Daylength regulates reproduction in golden hamsters through a mechanism which involves the pineal indoleamine, melatonin. Retinal input to the suprachiasmatic nucleus of the hypothalamus (SCN) and sympathetic innervation of the pineal are critical to the inhibition of reproduction by short photoperiods. Since the hypothalamic paraventricular nucleus (PVN) receives extensive input from the SCN in the rat, and may influence autonomic function via its brainstem and spinal cord projections, we studied the role of this nucleus in photoperiodically induced gonadal regression in the hamster. Bilateral electrolytic destruction of either the paraventricular nucleus (PVN) or suprachiasmatic nucleus (SCN) of the hypothalamus completely blocked testicular regression induced by either blinding or exposure to short days (10L:14D). Lesions in the retrochiasmatic hypothalamus (RCA) which may have interrupted the pathway of previously identified efferents from the SCN to the PVN were also effective in preventing short day-induced gonadal regression. Pineal melatonin content was measured in intact and lesioned hamsters sacrificed 3-5 h before lights on, at the time of the expected nocturnal peak. While SCN and RCA lesions significantly reduced pineal melatonin content, PVN lesions were still more effective in this regard. We conclude that the hamster's neuroendocrine response to photoperiod is mediated by neural pathways which include retinohypothalamic input to the SCN and efferents from this nucleus to the PVN which travel dorsocaudally through the retrochiasmatic area of the hypothalamus. Effectiveness of lesions restricted to the PVN suggests that direct projections from the PVN to spinal autonomic centers convey photoperiodic information which regulates pineal, and hence gonadal, function.

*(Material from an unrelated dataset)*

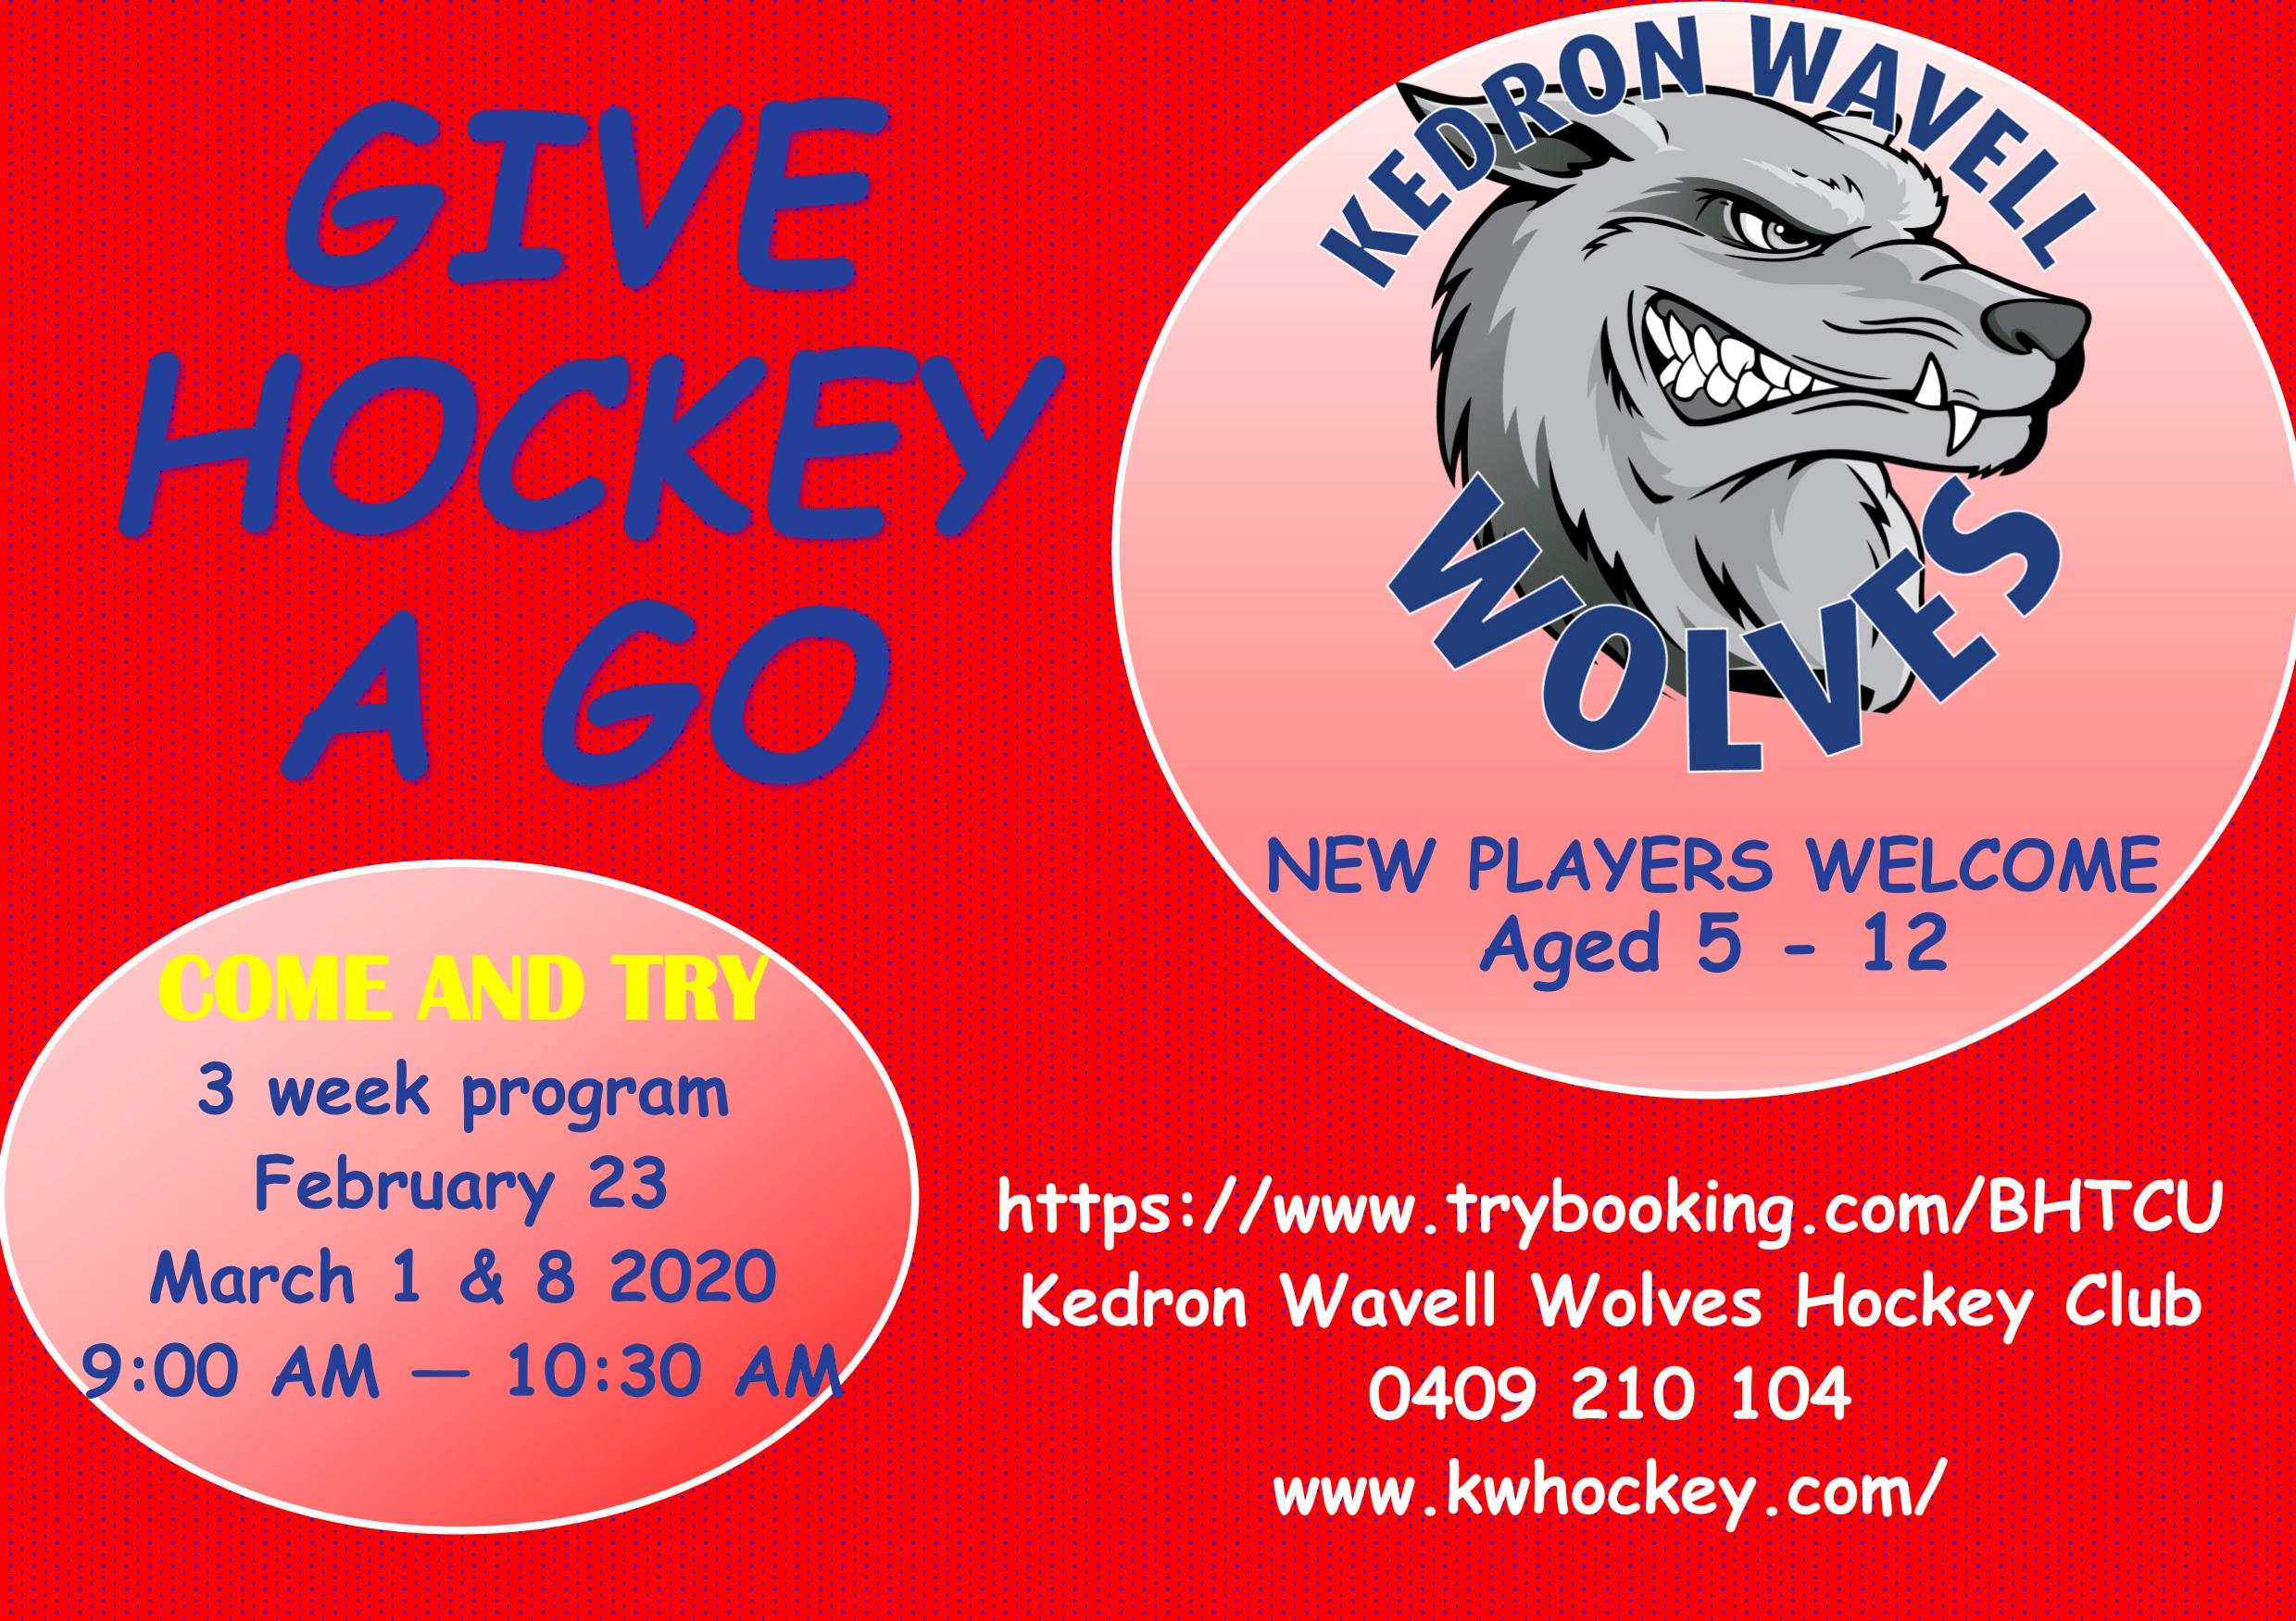 2020 Give Hockey A Go – 3 week Program

Bilateral transection of the lateral olfactory tract but not removal of the vomeronasal organs inhibits short-photoperiod-induced testicular regression in golden hamsters.

It is now known that removal of the olfactory bulbs increases basal gonadotropin secretion and prevents short-photoperiod-induced testicular regression in Syrian hamsters. The experiments described in the present paper were an attempt to determine which neuronal systems associated with the olfactory bulbs are responsible for this influence on the reproductive neuroendocrine axis. In the first experiment, removal of the vomeronasal organ failed to influence gonadotropin secretion or testes weight in hamsters on long or short photoperiod, suggesting that the vomeronasal-accessory olfactory pathway is not individually responsible for the effect of the olfactory bulbs on gonadotropin secretion. In the second experiment, bilateral transection of the lateral olfactory tracts (LOT) did prevent short-photoperiod-induced testicular regression and the associated decrease in gonadotropin secretion. Since the nervus terminalis is confined to the surface of the medical olfactory bulb pathway, the results of LOT transection indicate that the nervus terminalis, which itself contains gonadotropin releasing hormone, does not mediate the influence of the olfactory bulbs on gonadotropin secretion. These results further suggest that the olfactory bulb influence on gonadotropin secretion is due to neural connections to the pyriform cortex, entorhinal cortex or amygdala.